L’autonomisation des femmes ne se limite pas à l’accès, il s’agit de supprimer les obstacles structurels qui les maintiennent en marge depuis trop longtemps.
Un avenir plus inclusif est à portée de main
Les femmes des communautés minières artisanales du Mali n’attendent plus le changement, elles le construisent. Le projet FEMA est à leurs côtés, soutenant leur lutte pour les droits fonciers, l’accès financier et le leadership.
Alors que le Canada approfondit son engagement en faveur de l’égalité des sexes dans le développement international, il est non seulement juste, mais aussi stratégique de veiller à ce que les femmes soient au cœur des programmes économiques. Lorsque les femmes réussissent, les communautés prospèrent.
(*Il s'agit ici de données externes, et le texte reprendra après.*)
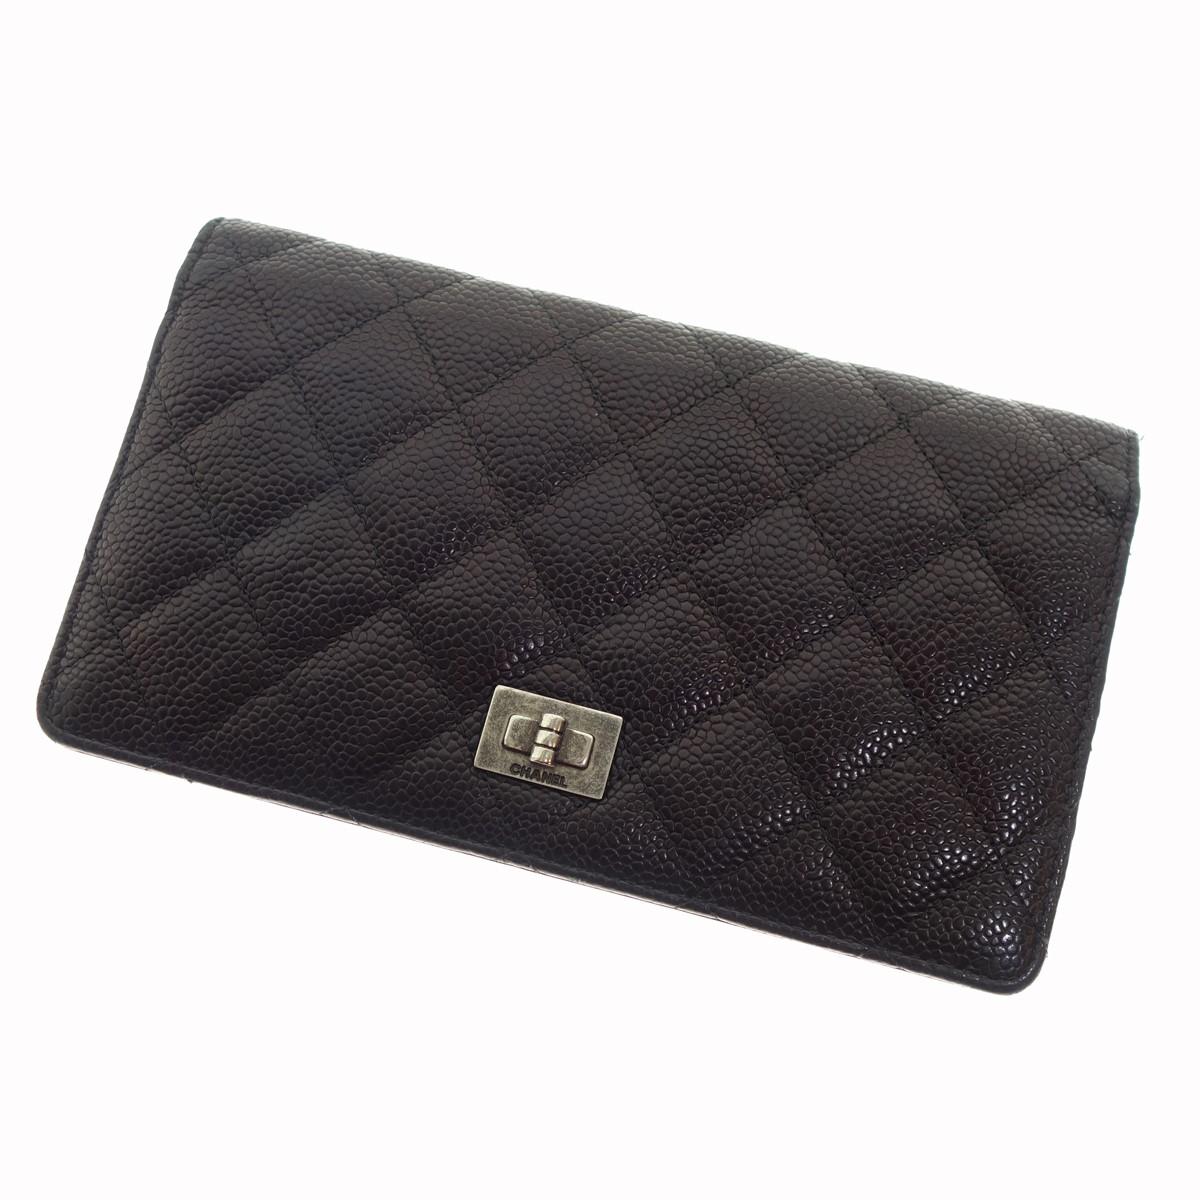 【中古】CHANEL 2.55長財布 キャビアスキン ブラック 【300520】(シャネル)
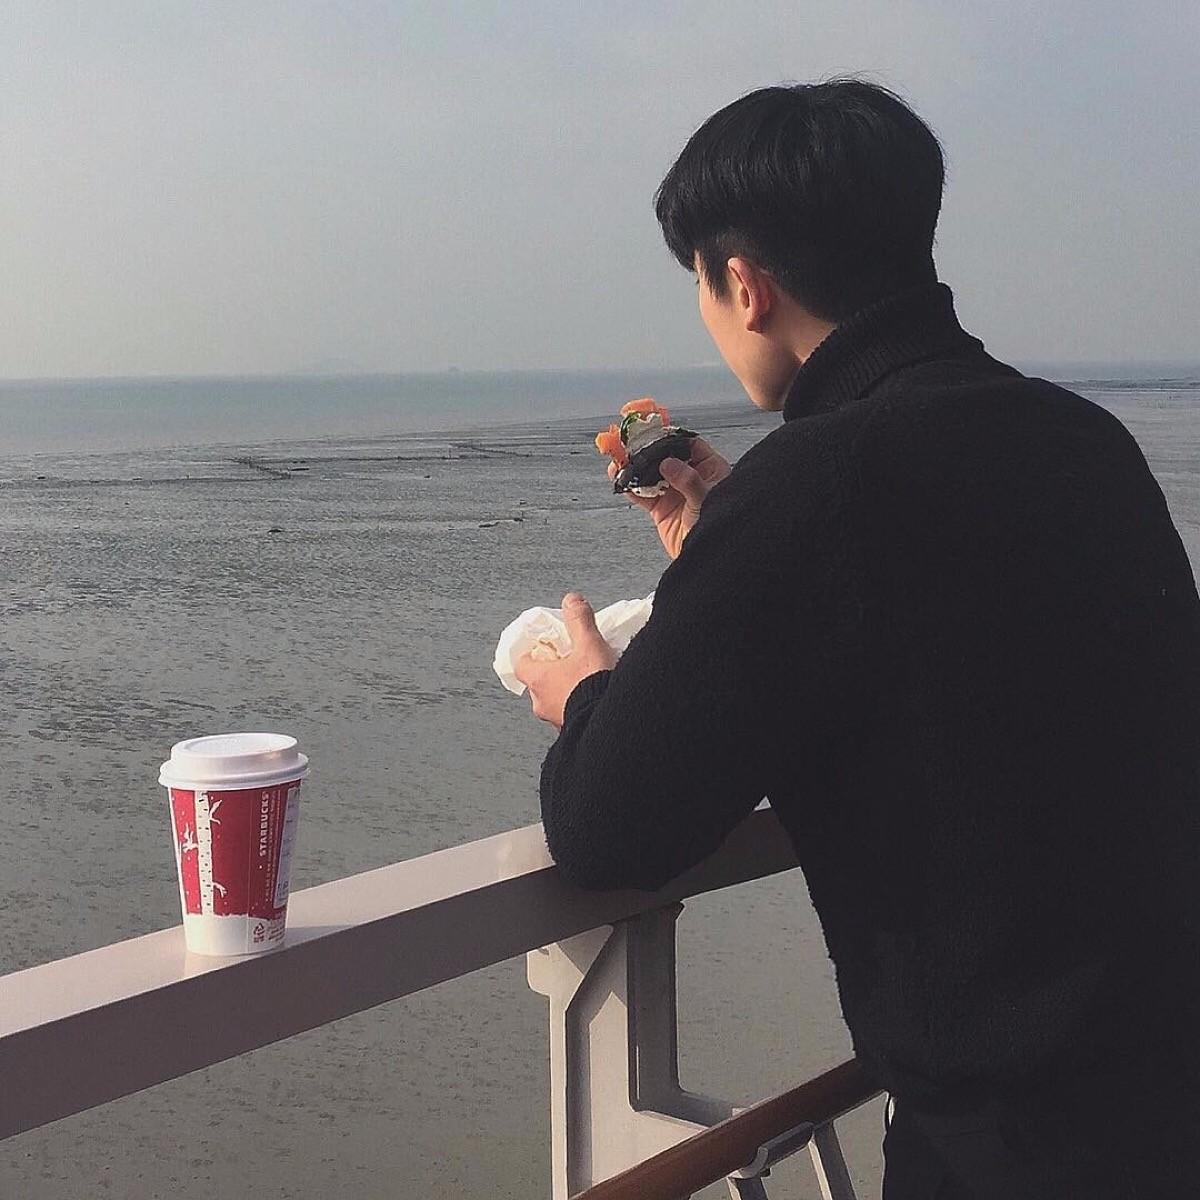 本人26岁男,月薪6k,在武汉有房有车,难道我的条件都没资格相亲吗?

Œuvrons à un secteur minier et à un monde qui voient et soutiennent les femmes qui le font fonctionner.
Pour en savoir plus
Explorez nos recherches sur l’économie politique de la gouvernance minière à Kéniéba https://projetfema.com/
À propos du projet FEMA
Le projet Femmes et Enfants des Communautés Minières Artisanales (FEMA) au Mali est mis en œuvre par Cowater International de 2022 à 2027. Il est financé par le gouvernement du Canada (48 milliards de FCFA ou 9,9 millions de CAD) et B2GOLD (225 millions de FCFA ou 464 800 CAD).
FEMA vise à atteindre les résultats suivants dans les communautés minières du district de Kéniéba :
- Améliorer les opportunités économiques pour les femmes et les adolescentes;
- Réduire la présence d’enfants sur les sites miniers et promouvoir l’égalité des sexes;
- Renforcer la gouvernance locale du secteur minier artisanal (SMA), tout en réduisant ses impacts négatifs sur les communautés minières, notamment sur l’environnement et l’égalité des sexes.
Le projet est mis en œuvre dans 20 villages répartis dans quatre communes du district de Kéniéba : Dabia, Dialafara, Kéniéba et Sitakily, dans la région de Kayes. En plus de travailler avec les autorités nationales et locales — y compris le ministère de la Géologie et des Mines, les services techniques décentralisés et les municipalités —, le projet s’appuie sur les contributions des ONG canadiennes Impact et Right to Play.